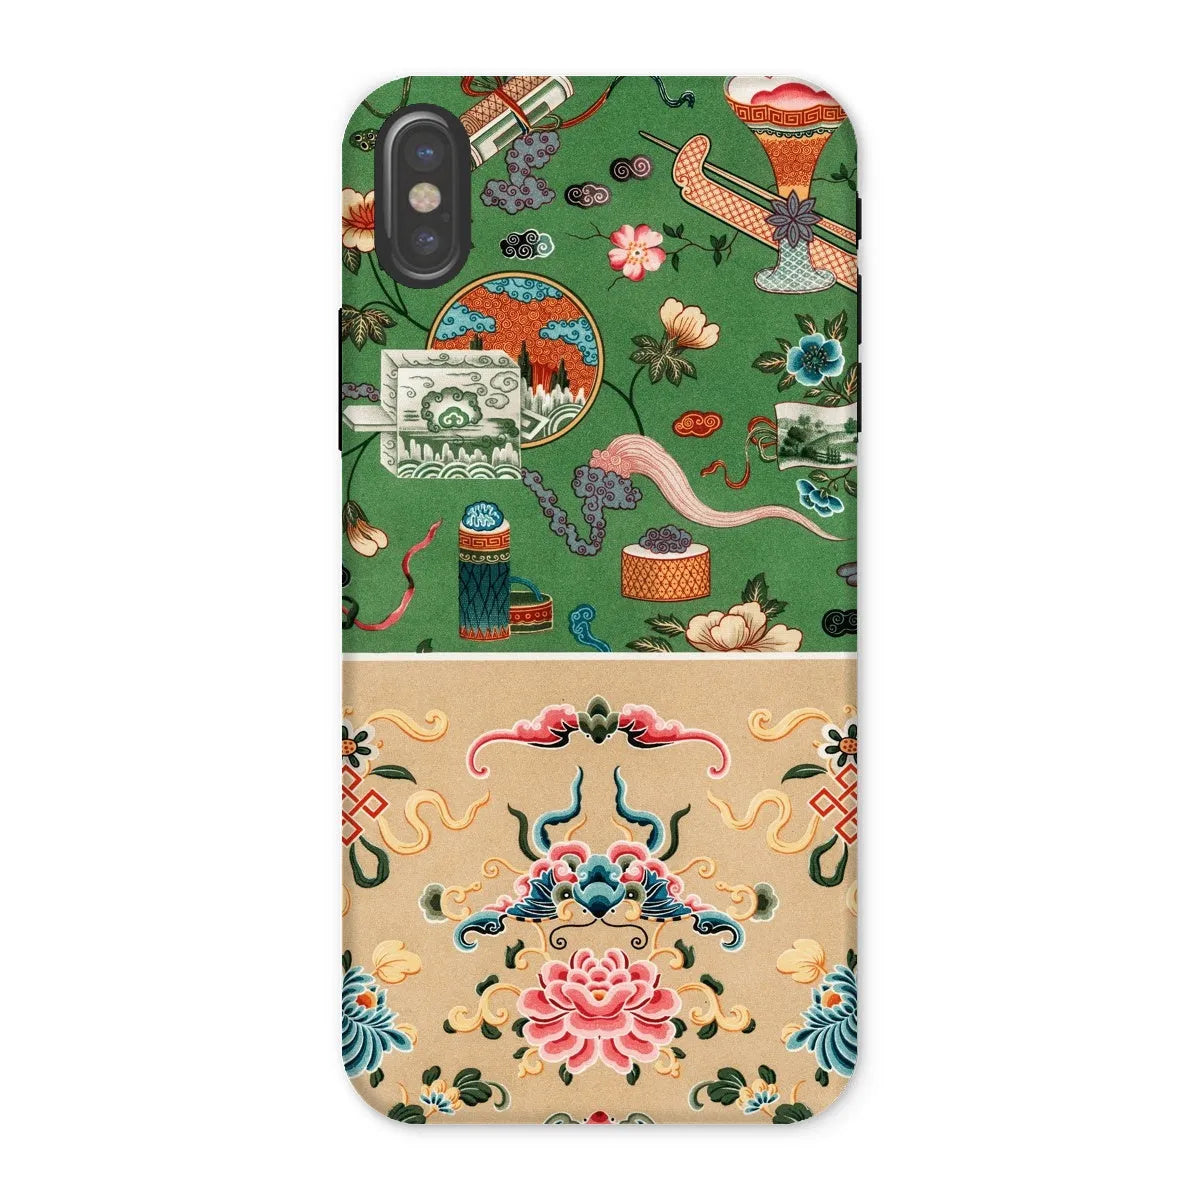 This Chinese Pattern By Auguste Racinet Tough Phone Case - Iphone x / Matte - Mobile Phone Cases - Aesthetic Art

---

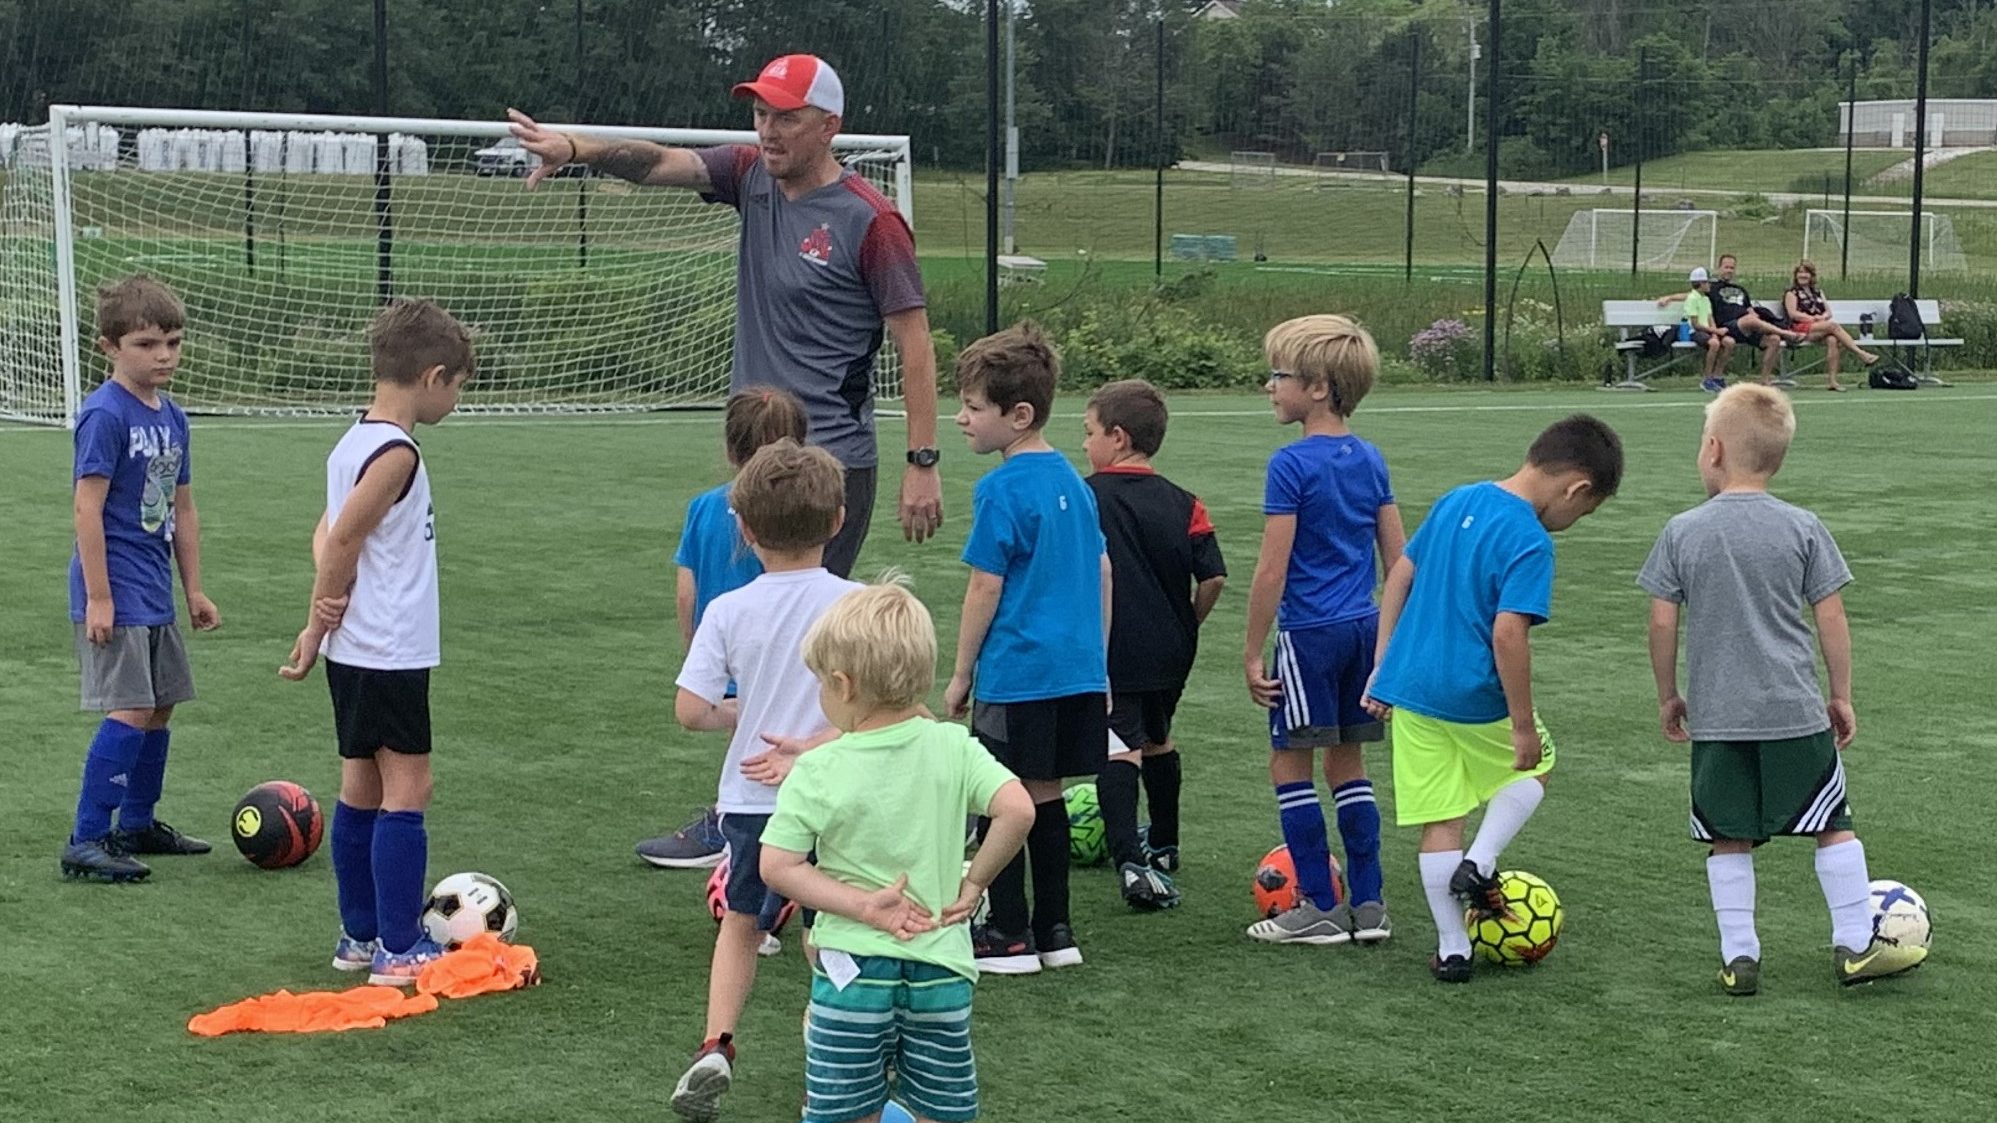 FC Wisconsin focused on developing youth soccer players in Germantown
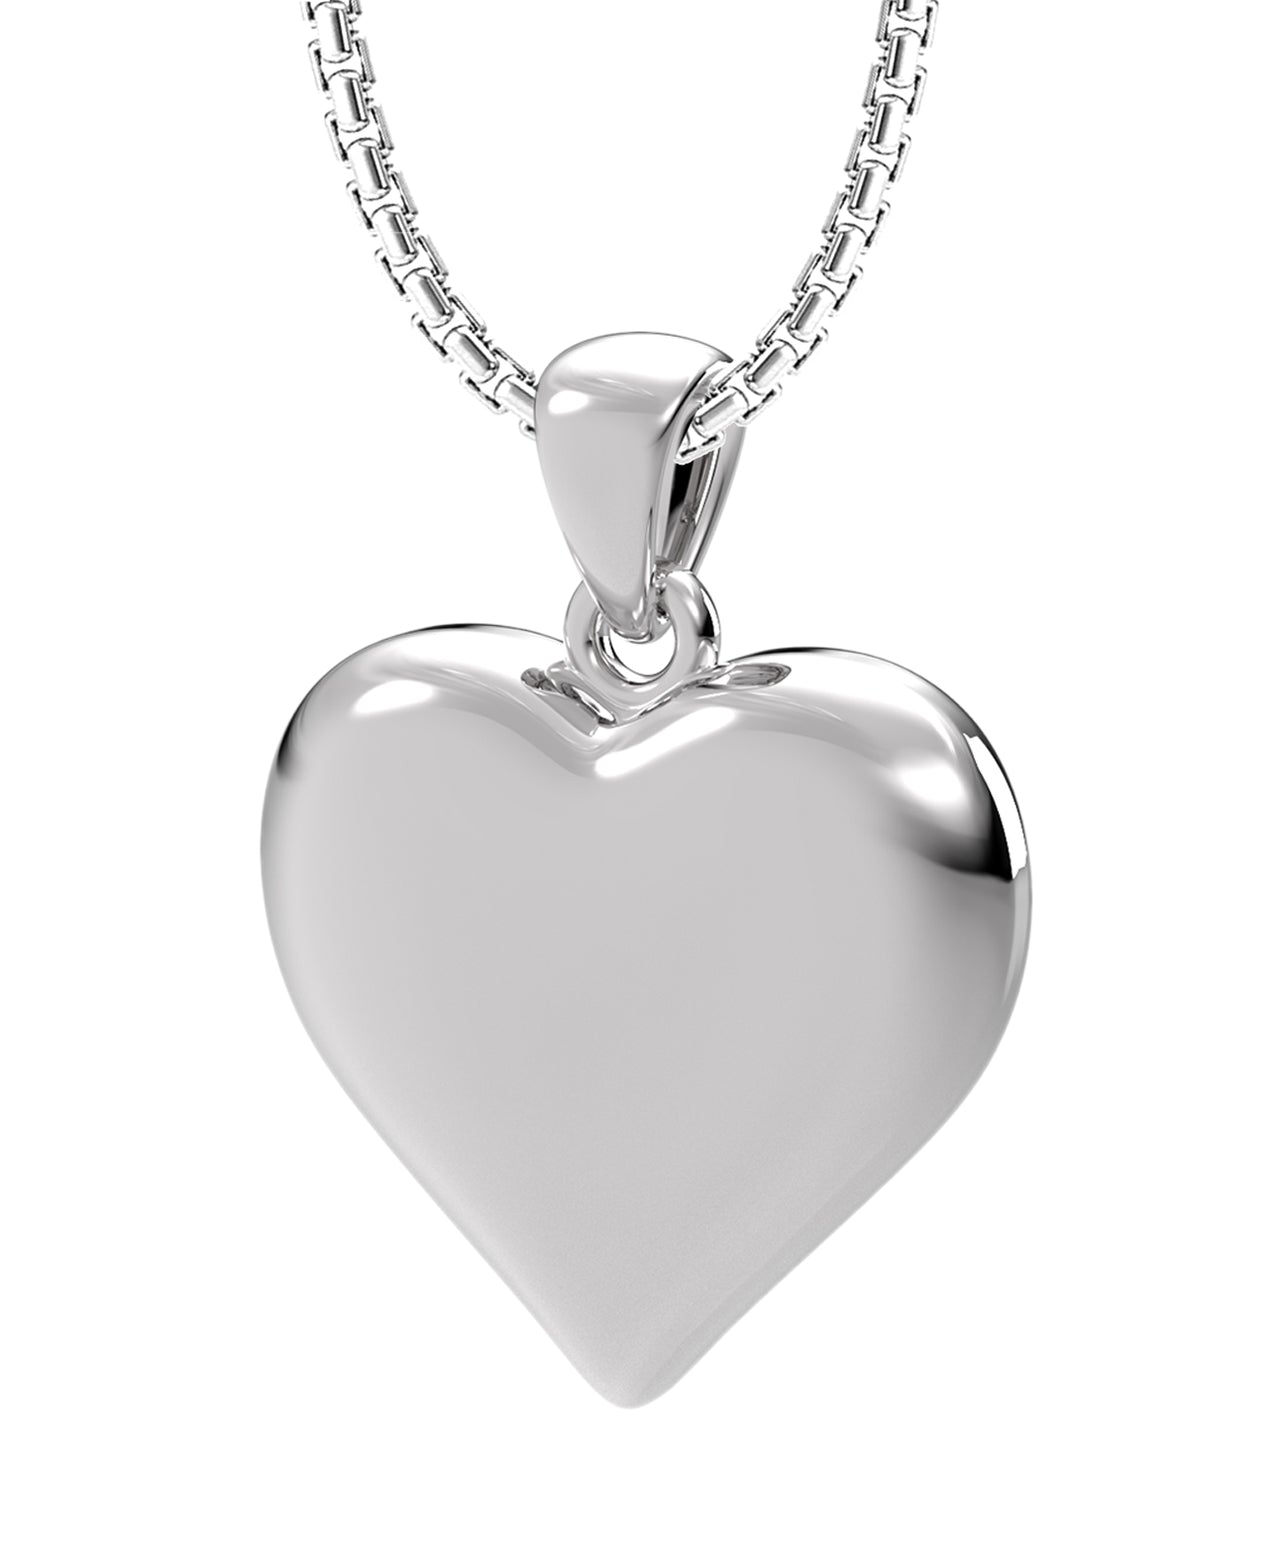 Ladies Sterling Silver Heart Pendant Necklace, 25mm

* * *

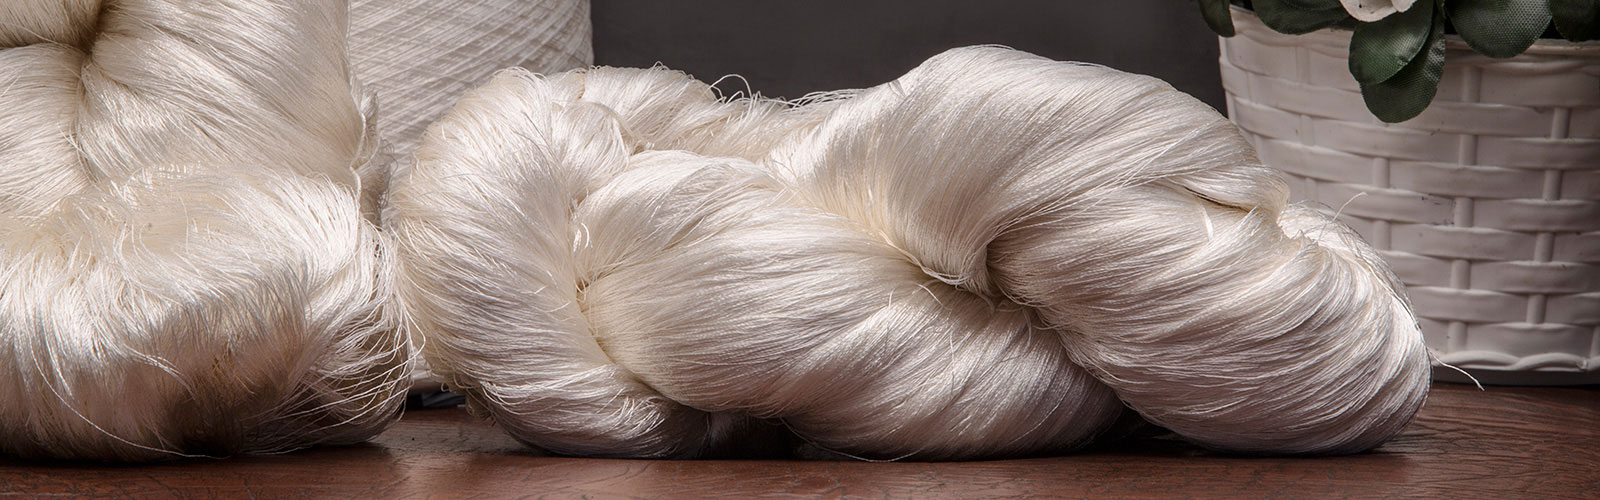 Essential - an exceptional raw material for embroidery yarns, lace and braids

■ Prompt:
For this exercise, please set down exactly the lines of the listing above from the line with "FC Wisconsin focused" up to and including the line with "Ladies Sterling Silver", and no pictures.

■ Answer to the exercise:
 FC Wisconsin focused on developing youth soccer players in Germantown
 Ladies Sterling Silver Heart Pendant Necklace, 25mm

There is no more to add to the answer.